I have had the chance to work with some pretty amazing people over the years, including Pascal Mychalysin, the master mason at Gloucester Cathedral. This was back in 1998 when I was artist-in-residence there. One day we were up on the scaffolding looking at the work he was doing restoring some of the stonework, when he pulled out a loose piece of mortal and with it came this oyster shell. Pascal reckoned that it was put there by a medieval mason on his lunch break, stuffing the empty shell of the oyster that he had just eaten into to the crack to get rid of it. Oysters were a common food in those days, or so I was led to believe. I held onto that shell with its mortar pedestal. For a moment the centuries between then and now collapsed. That is also how I see Pascal: through his work he has a direct connection to those time that he has come to embody.
The studio clearout continues.

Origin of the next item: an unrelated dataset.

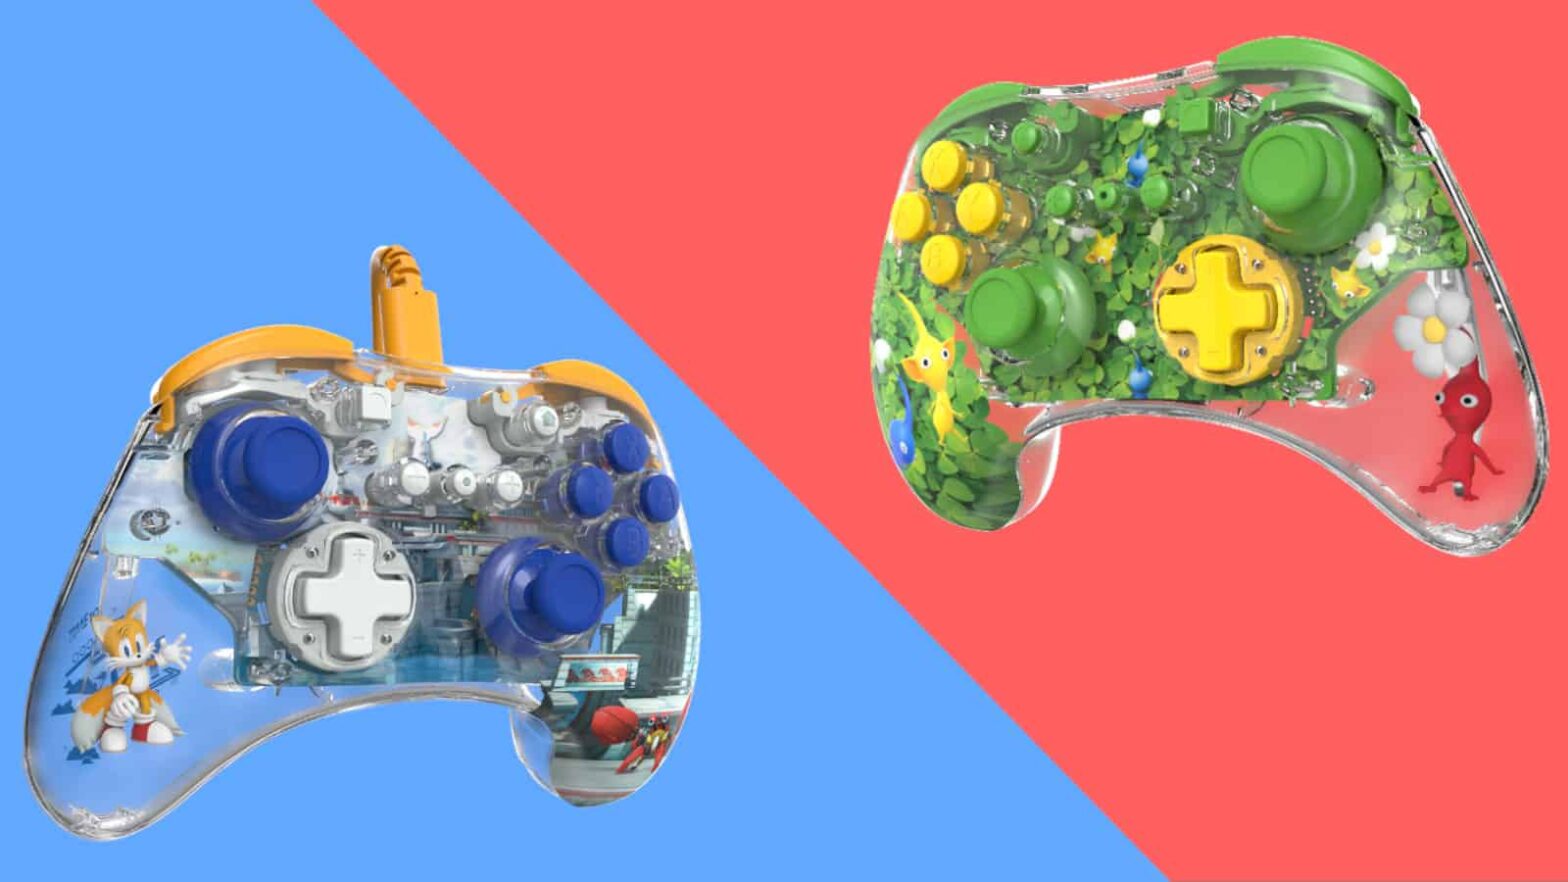 Check out these super stylish Switch and Xbox accessories

I guess I take my englishness with me wherever you go, even into the open-plan studio Gute Gründe that was my base during our Berlin years (2003–2007): hence ‘knight’ Ryder on this reminder to pay for the phone. It was a strange mix in that studio, quite a few children’s book illustrators as well as other artists. Three weeks in Berlin, one week in the UK: that was my routine at the time. I got to know Easyjet very well!
The studio clear out continues and this was in one of the boxes: the cremated remains of a swan that made it all the way from Siberia only to die on arrival at its breeding grounds on the Severn Estuary. That swan has been flying in my imagination ever since. I know what she looked like, her unique markings, her life history; and I know I need to make an artwork out of this precious bag of carbon.
A polaroid from our first year at the RCA. Meet Mr Samuel Kaliski, micro-gallery owner and art shark. He cruised the waters of the RCA offering shows in his Demandesque space. As if struck by a tsunami of indecision, many artworks at the time were ‘Untitled’, and so it is with Adam’s current venture Untitled Motorcycles.
The studio clearout continues, as do the memories. Proust had his madeleine; I’ve got the these work trousers, which take me back to 1998 and my residency at Gloucester cathedral. Working with natural latex again, this time to make a large installation, ‘The Words to Say It’, covering the whole of the crypt. For weeks on end the studio stank of ammonia, used to stop the latex setting too quickly when exposed to air. My jeans became encrusted as I worked away, and the smell of ammonia seared through my brain throughout that winter!